*** Collected data ***

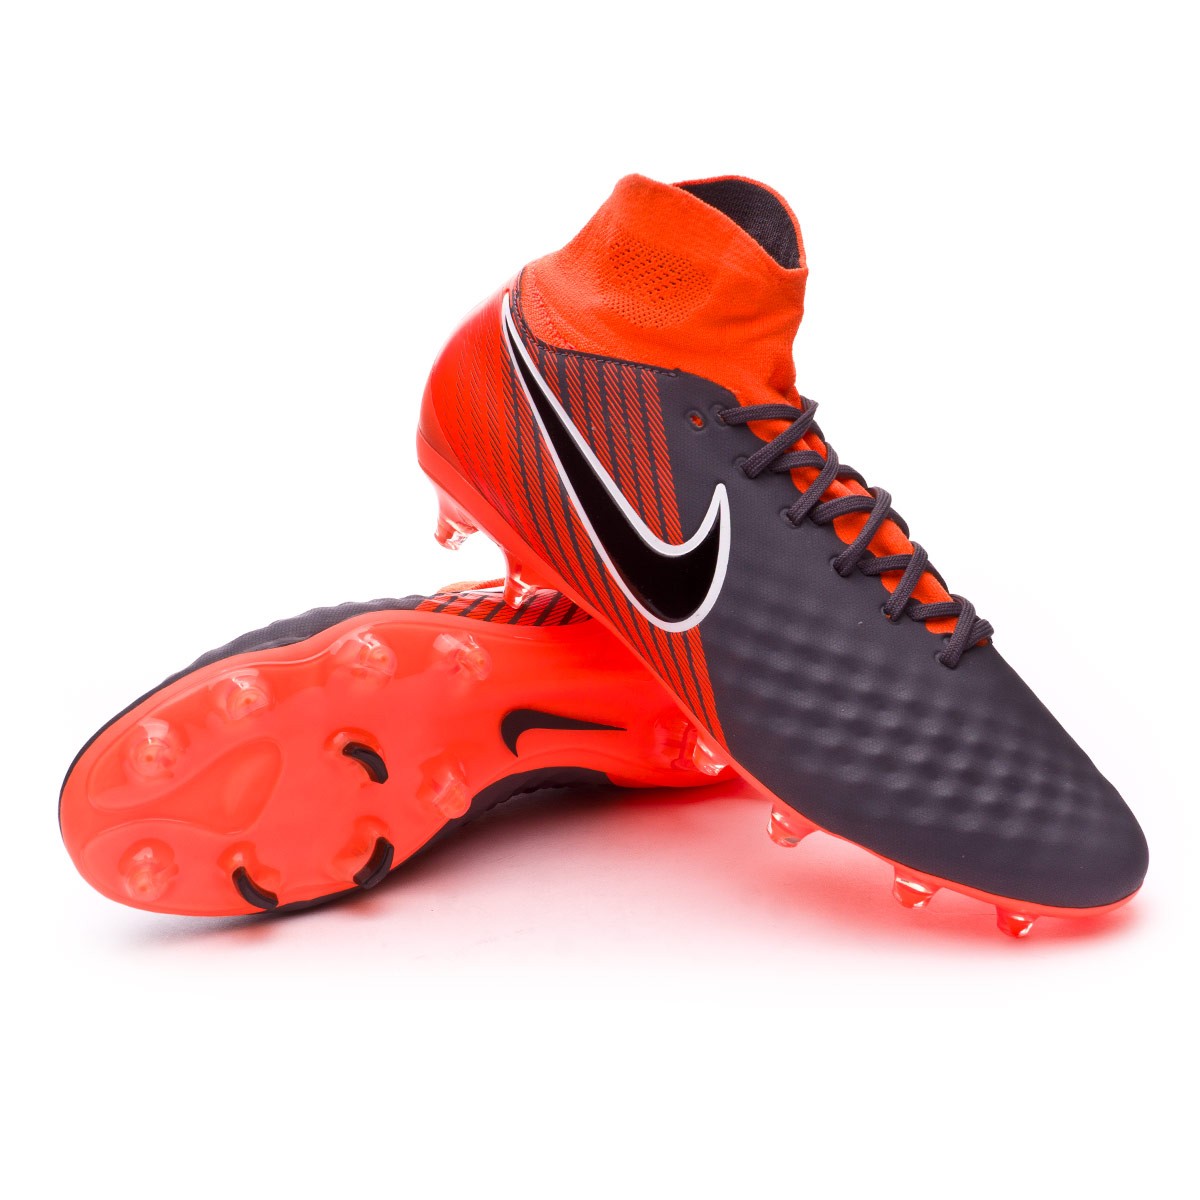 Football Boots Nike Magista Obra II Pro 
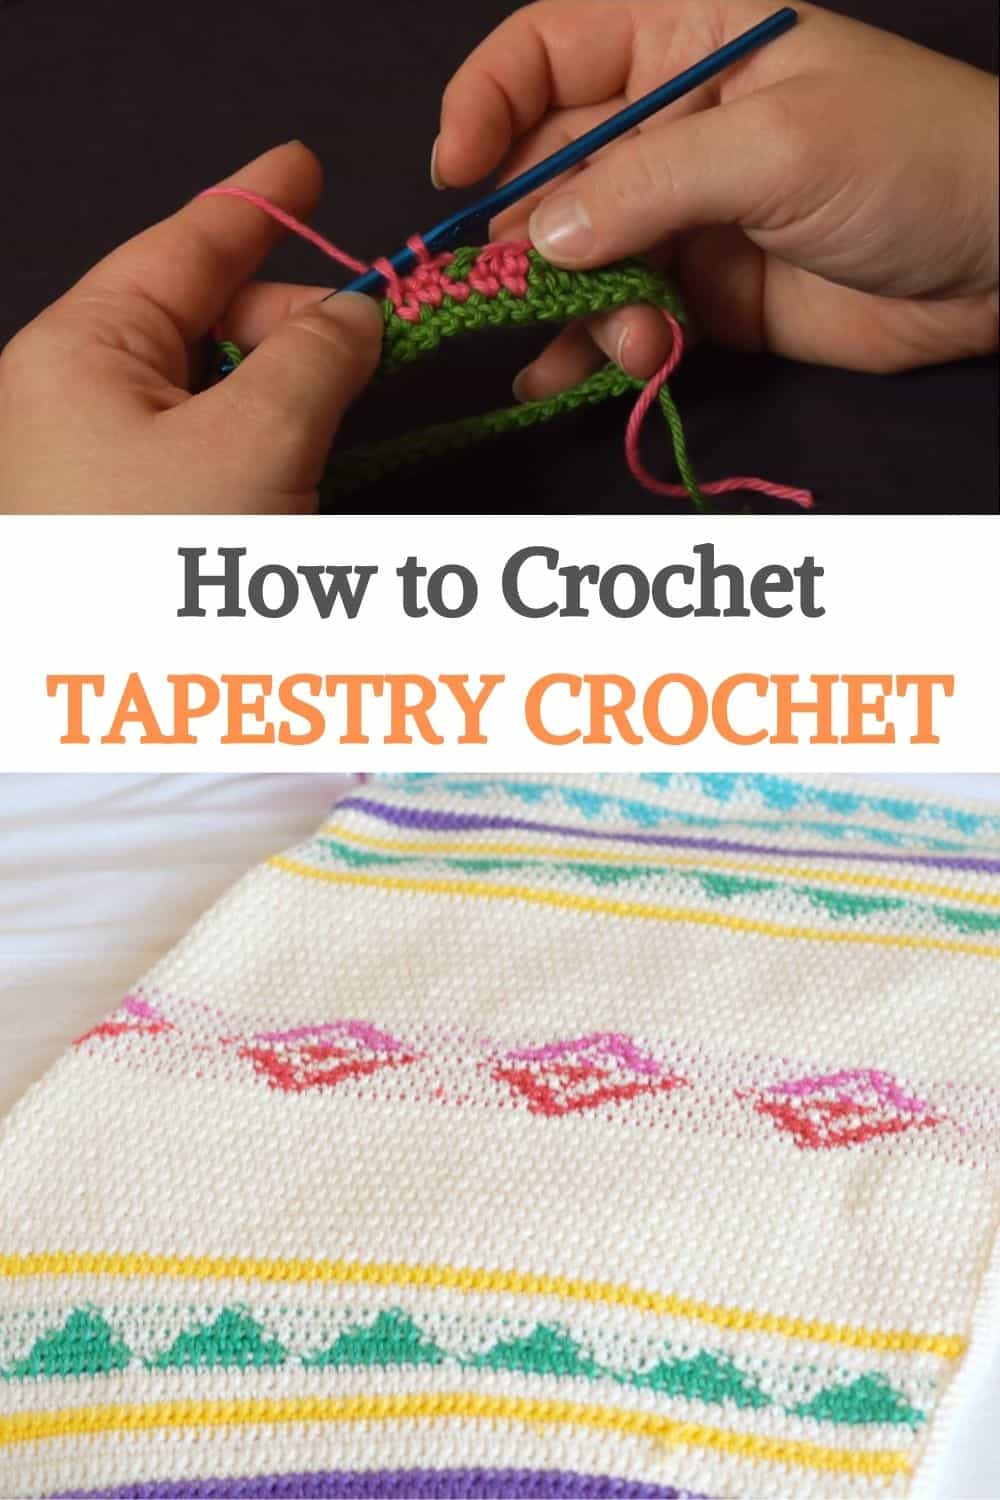 Tapestry Crochet
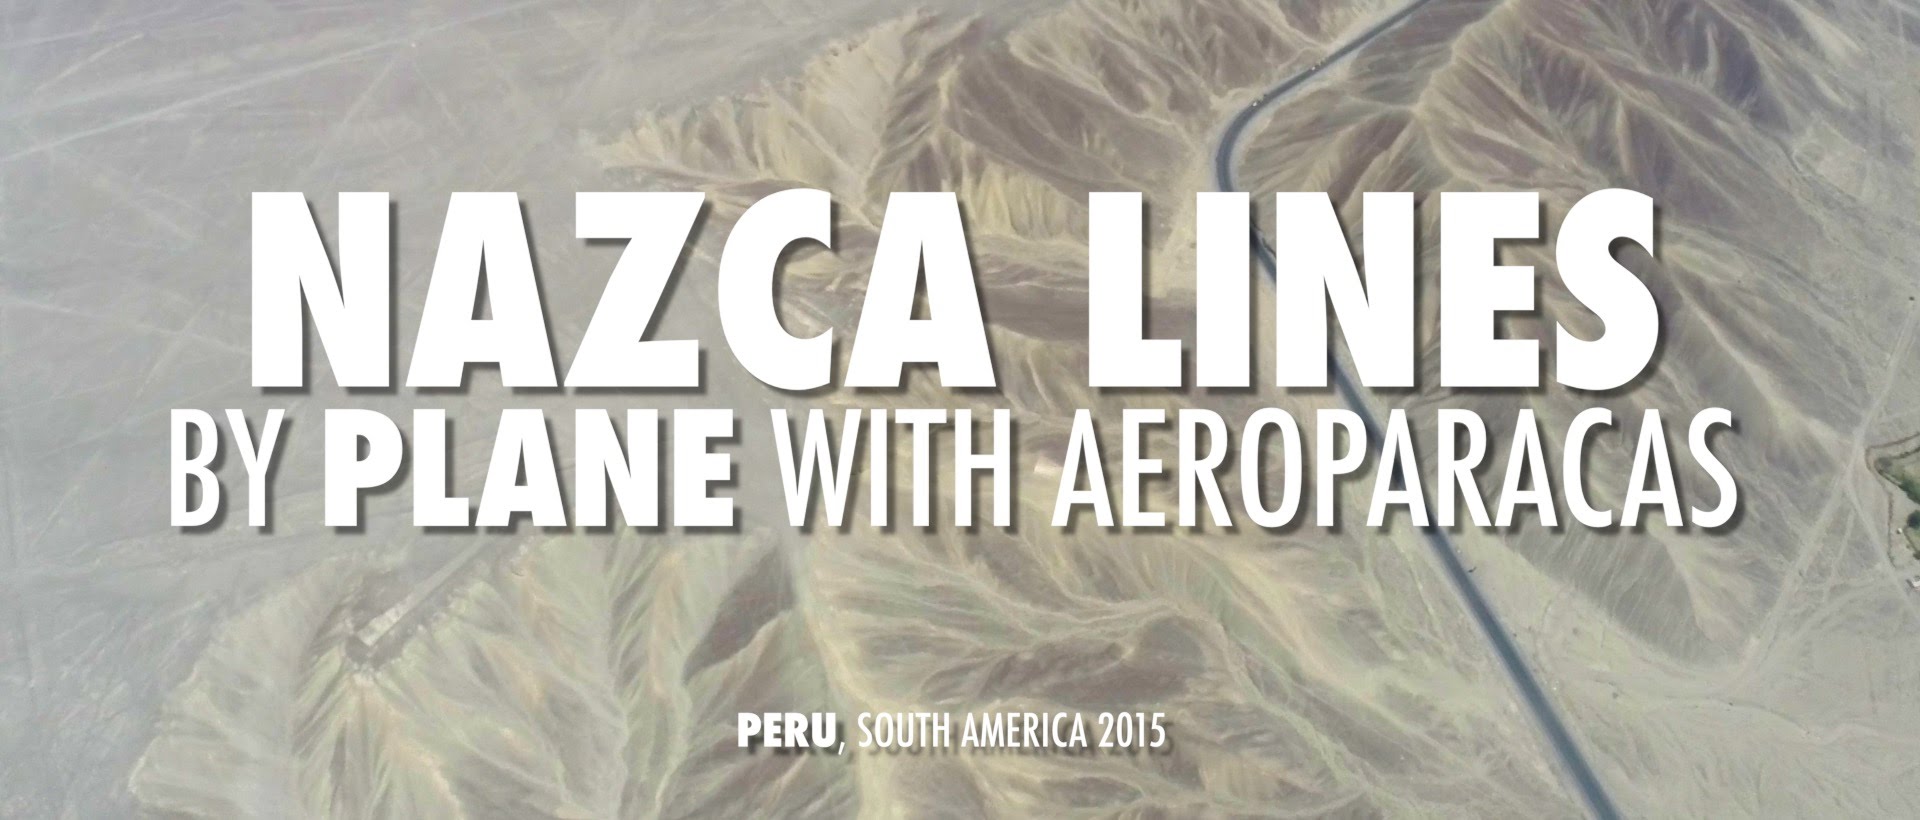 Nazca lines by plane with AeroParacas, Peru, South America

*** End of Collected data ***

> **Task requirements**
The expected output is every line from the line where "Tapestry Crochet" appears to the final line of the material, unchanged and with no pictures.

> **Output for this exercise**
 Tapestry Crochet
 Nazca lines by plane with AeroParacas, Peru, South America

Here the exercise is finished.